Обратный билет - Санто Габор Т.
…Наверно, и травку ему достает. В конце концов сделает парня наркоманом, продолжала Жужа свой рассказ, оживленно жестикулируя. Ты вообще слушаешь меня? — вдруг спросила она громко; он вздрогнул и снова начал кивать. За соседними столиками кое-кто поднял голову и обернулся к ним. Он поднял палец к губам: дескать, давай потише. Жужа, перейдя на театральный шепот, сказала: сделай хотя бы вид, что тебя интересует не только мое тело!
Жужа вполне могла бы обидеться, но не похоже было, что она действительно сердится на него. Она еще что-то укоризненно говорила, однако насмешливая улыбка стала вызывающей, словно она и сама знала и даже считала естественным, что партнера не очень интересует, что она говорит: он лишь терпит ее разглагольствования, чтобы добиться своего.
Он не знал, что ей ответить, только мотал головой. Дескать, нет, ничего подобного, вовсе он так не думает; и в то же время его приятно взволновало, что Жужа видит его насквозь, но не изображает возмущение, не отвергает его откровенного желания. Во всяком случае, этот маленький эпизод выбил ее из накатанной колеи, и он безрезультатно пытался, взяв себя в руки, изобразить любопытство и расспрашивать про сына: на все вопросы она отвечала язвительными репликами. Разговор застопорился.

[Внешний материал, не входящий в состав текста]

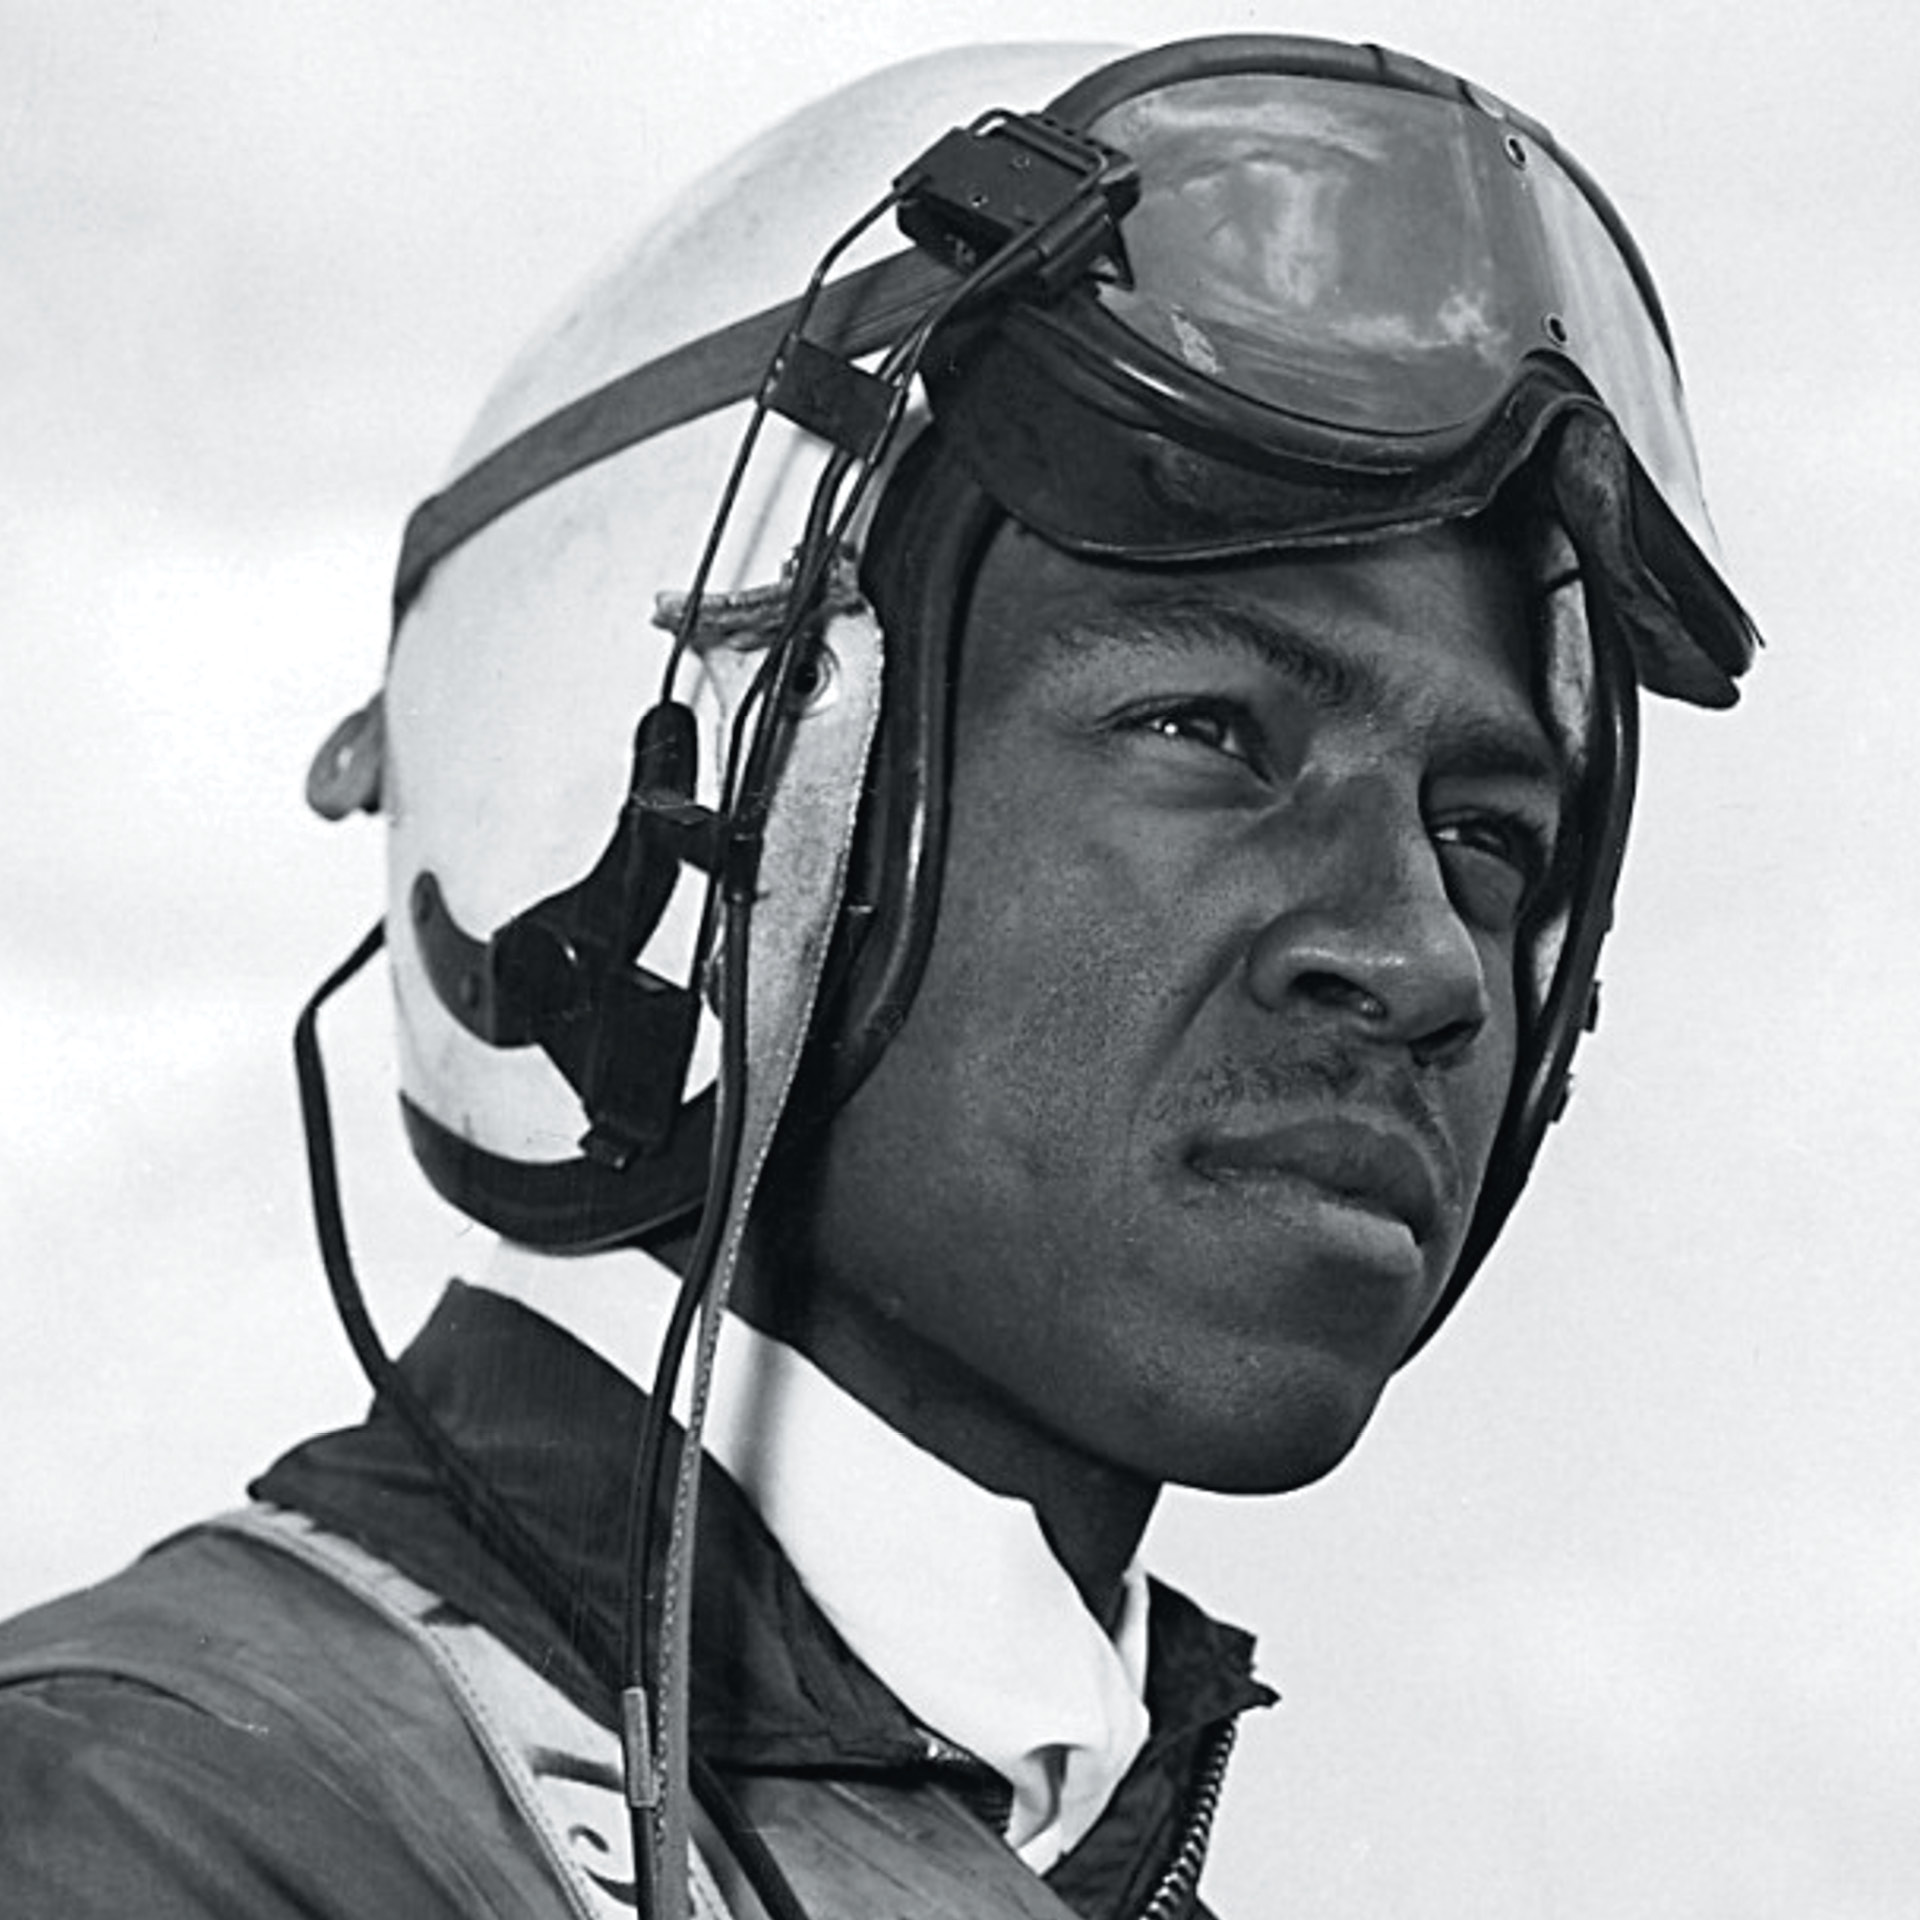 Historic image of pilot Jesse Brown, USN, circa 1950
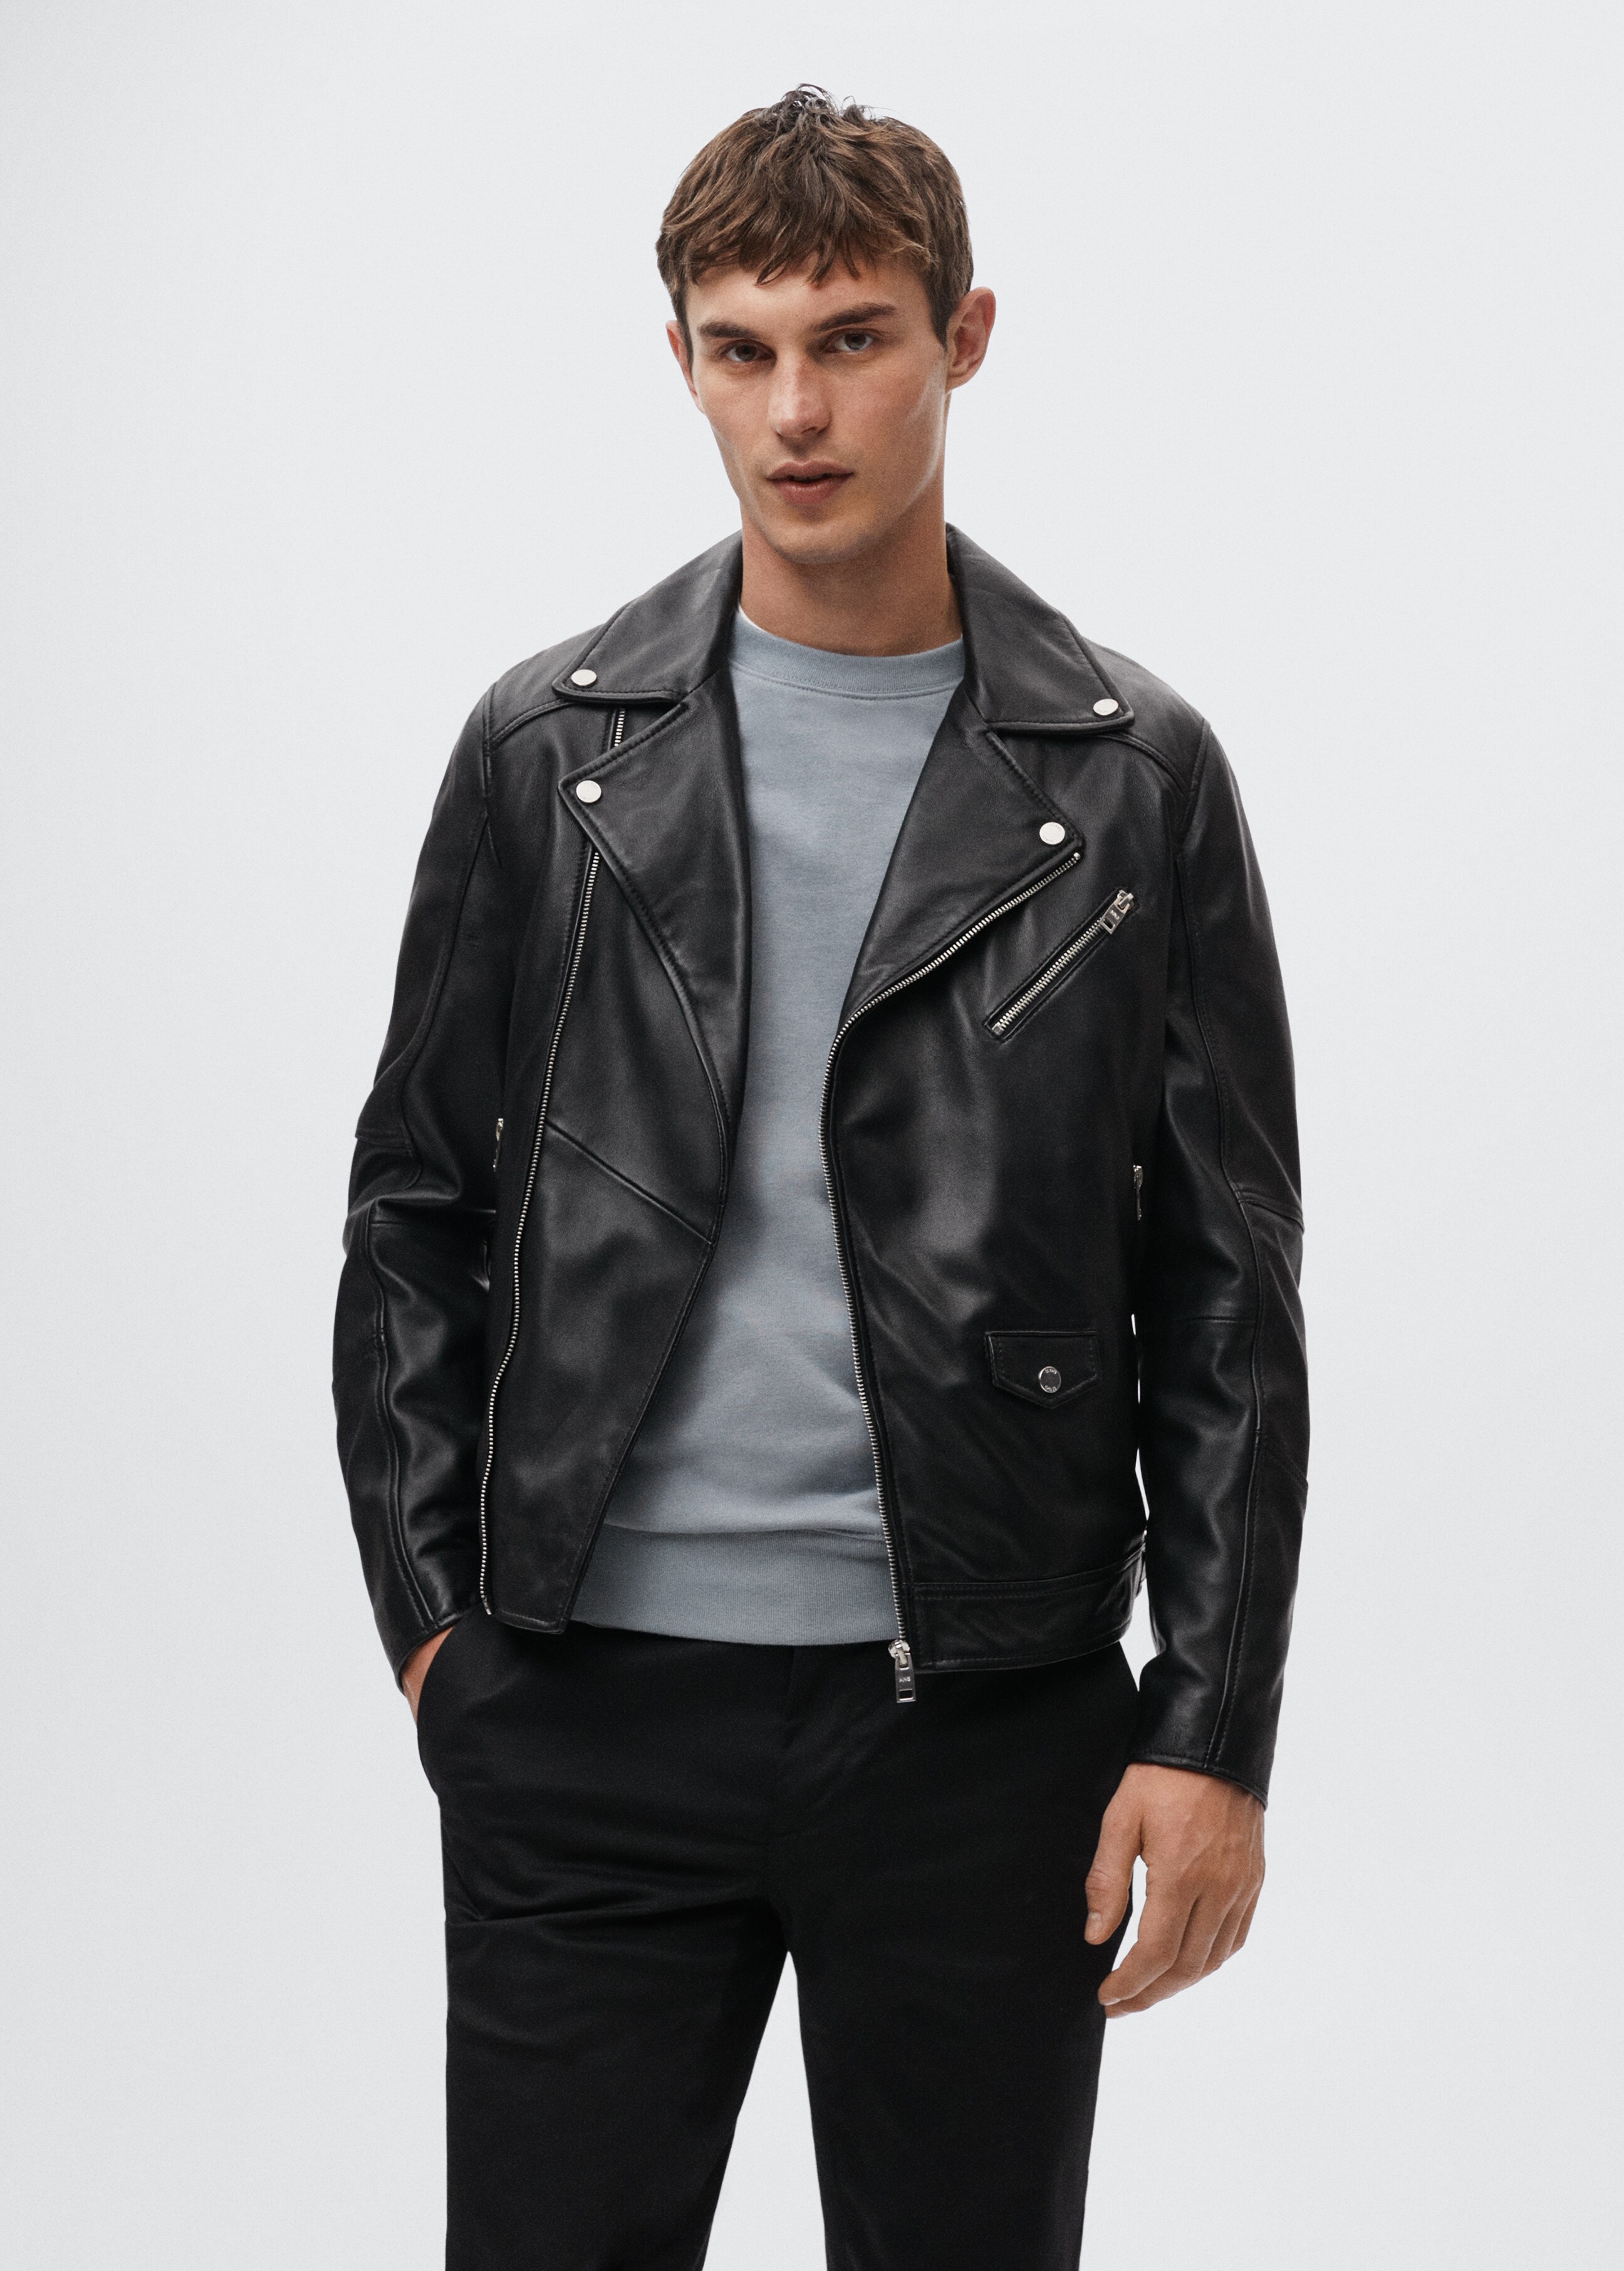 Leather biker jacket - Medium plane

Может, пойдем? — сказал он самым примирительным тоном, на который был способен, чтобы не испортить остатки хорошего настроения. И снова погладил пальцы Жужи; ее ногти, длинные и острые, были выкрашены в перламутровый цвет. На его нежный вопрошающий взгляд она ответила с усталой деловитостью: пойдем. Только — к тебе, у меня сын дома.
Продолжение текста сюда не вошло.